- DATA SECTION:

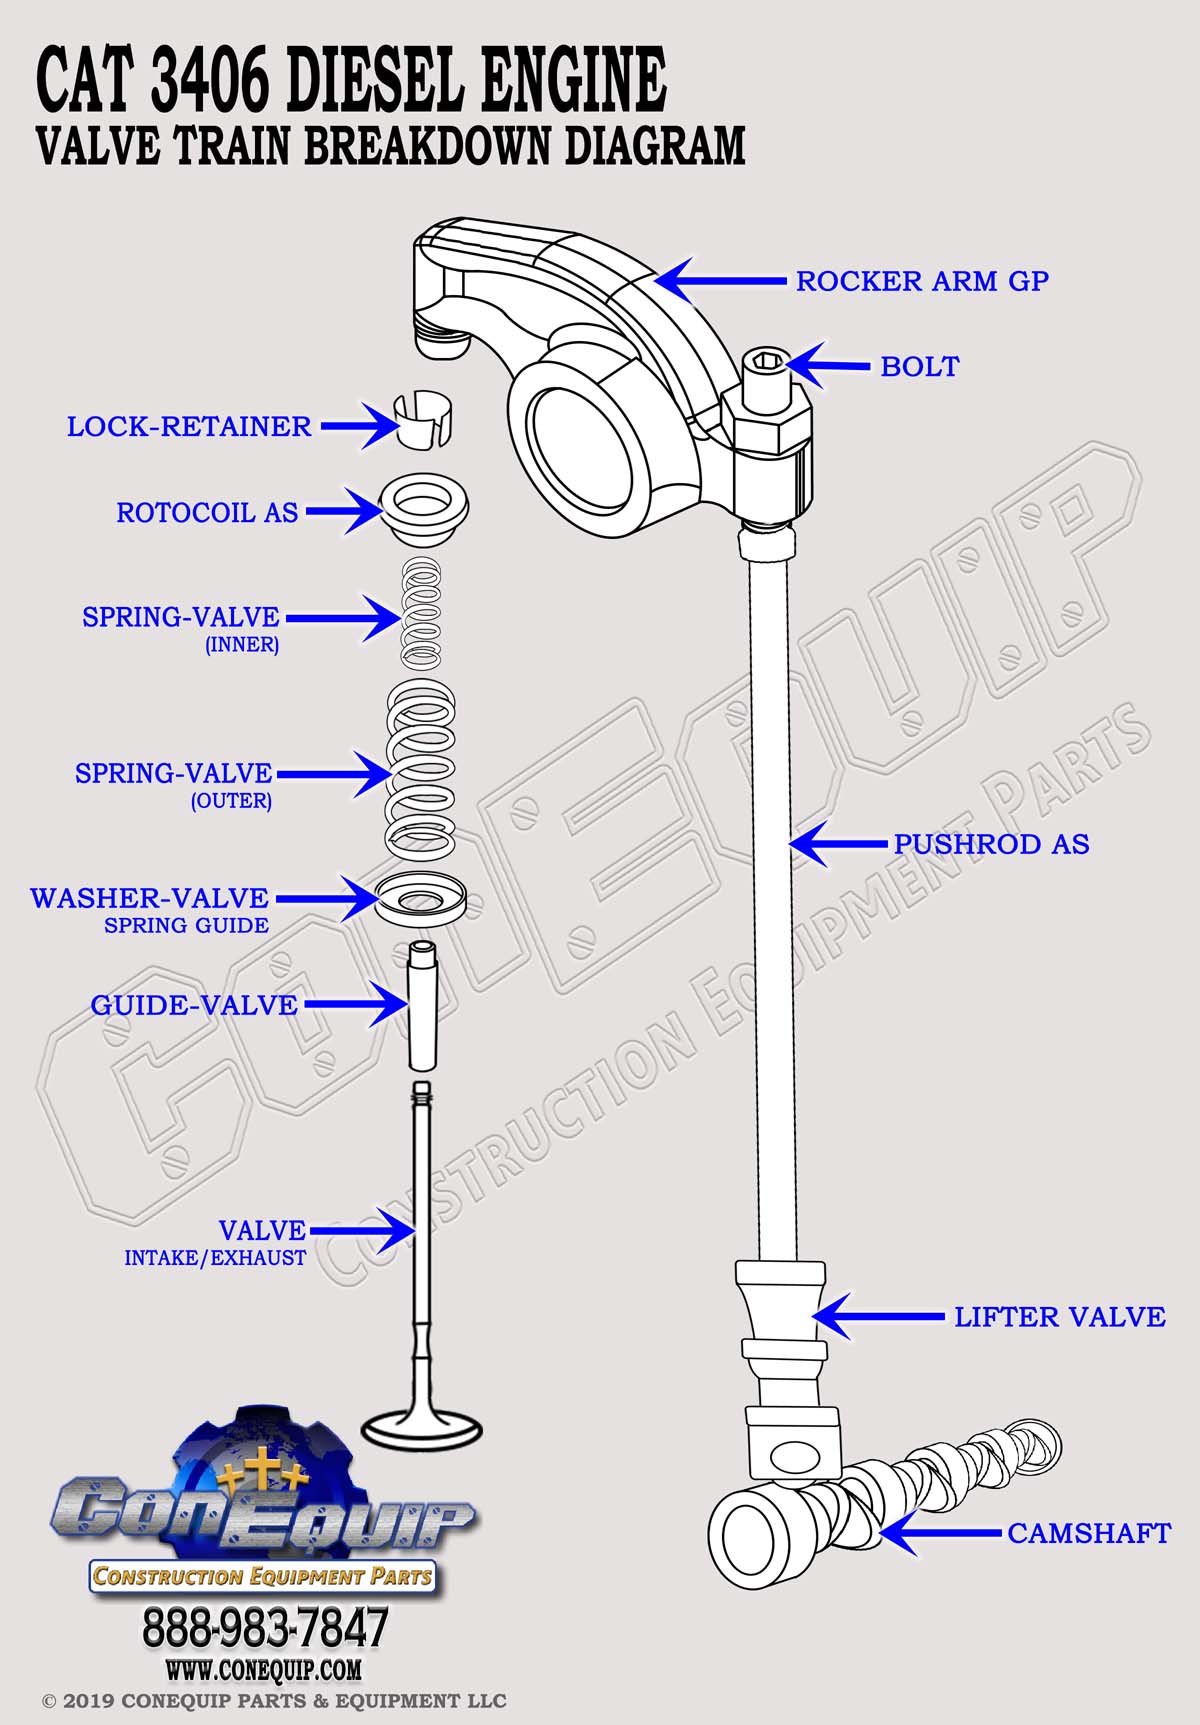 Cat 3406 valve train diagram
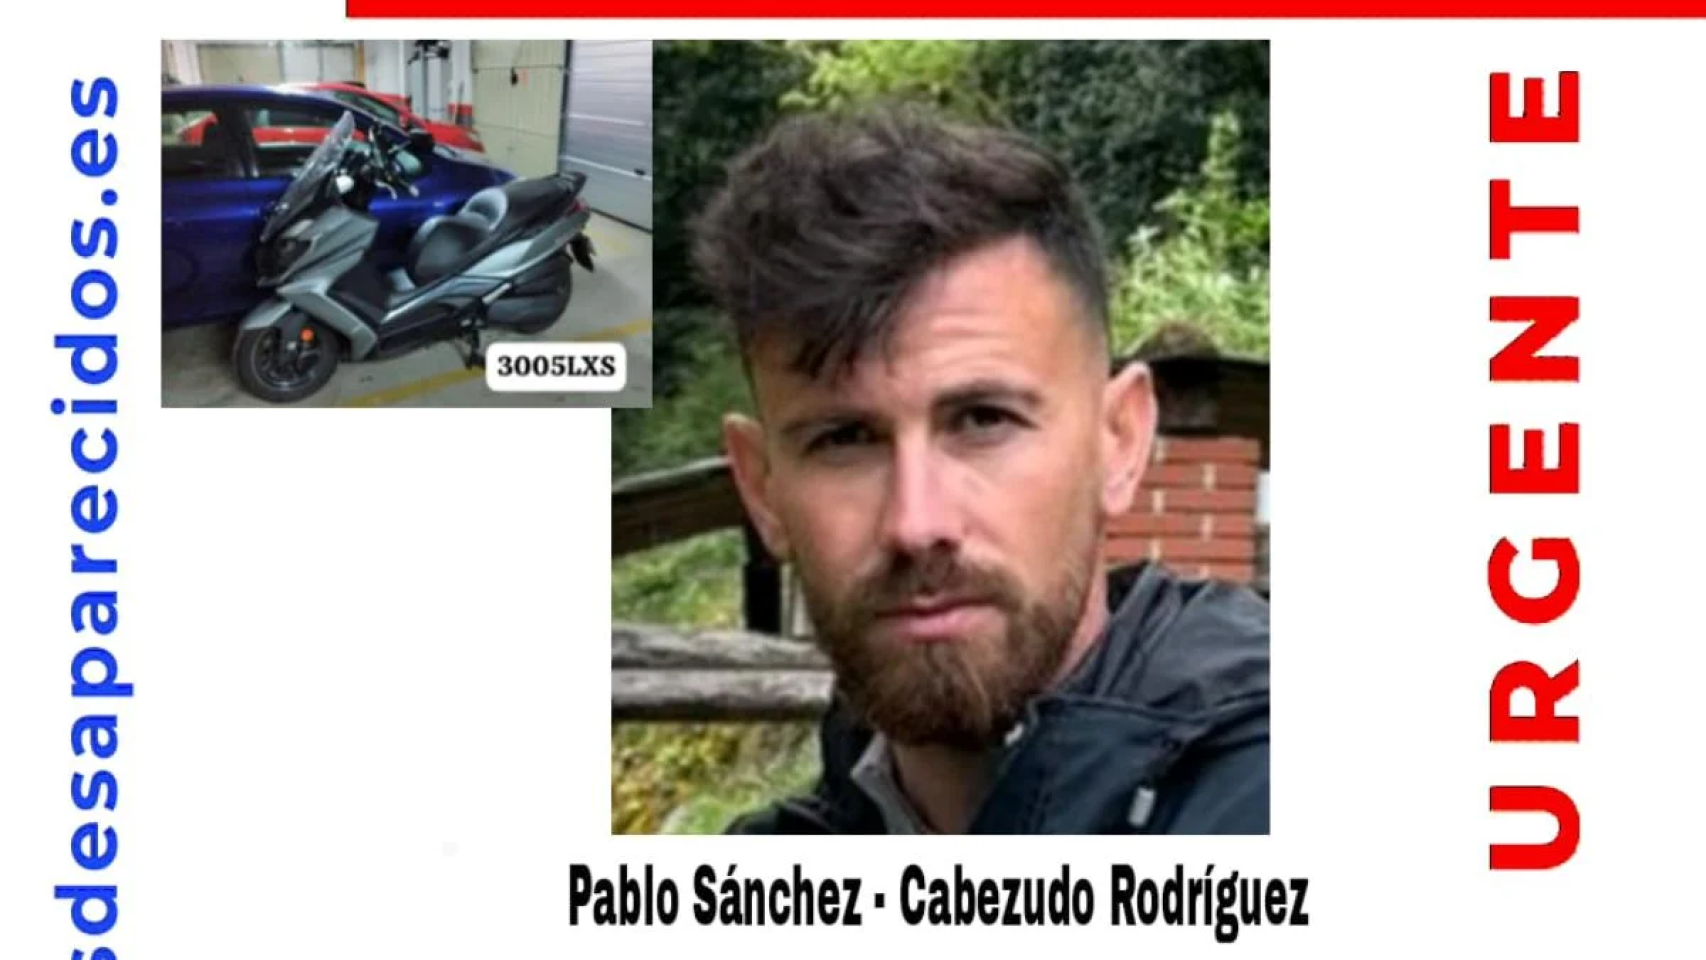 La Policía se moviliza para encontrar a Pablo, el agente desaparecido: buscan su moto y estudian si fue un accidente
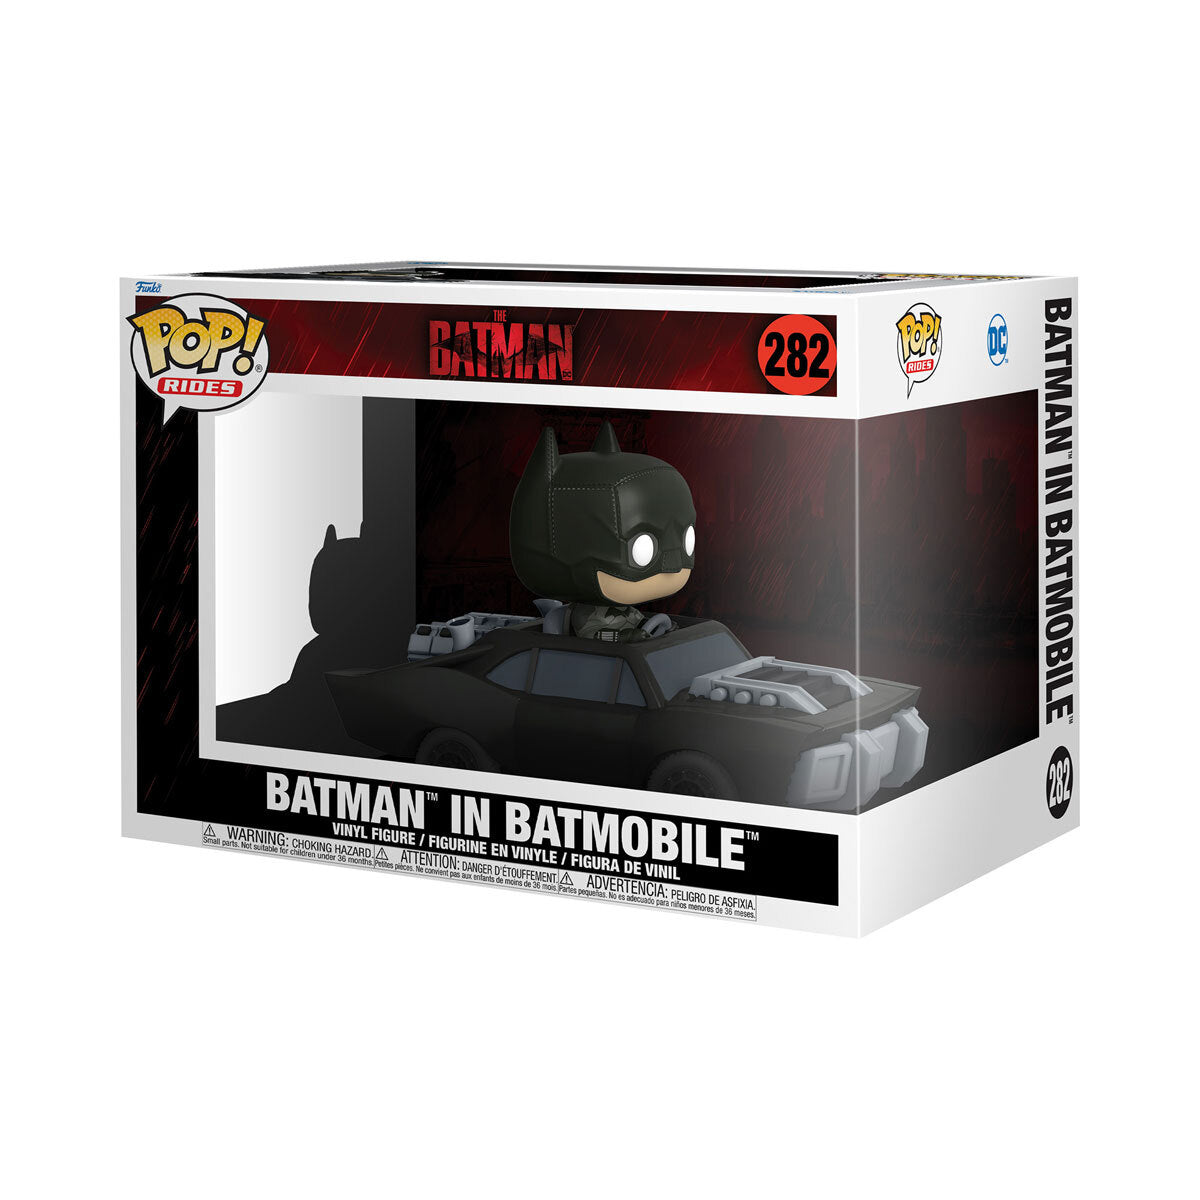 *Reduced to clear* BATMAN IN BATMOBILE - THE BATMAN - 282

- WHAT THIS TASK INVOLVES: Output the listing word for word. Drop the pictures.

- WRITTEN SOLUTION:
 Cat 3406 valve train diagram
 La Policía se moviliza para encontrar a Pablo, el agente desaparecido: buscan su moto y estudian si fue un accidente
 *Reduced to clear* BATMAN IN BATMOBILE - THE BATMAN - 282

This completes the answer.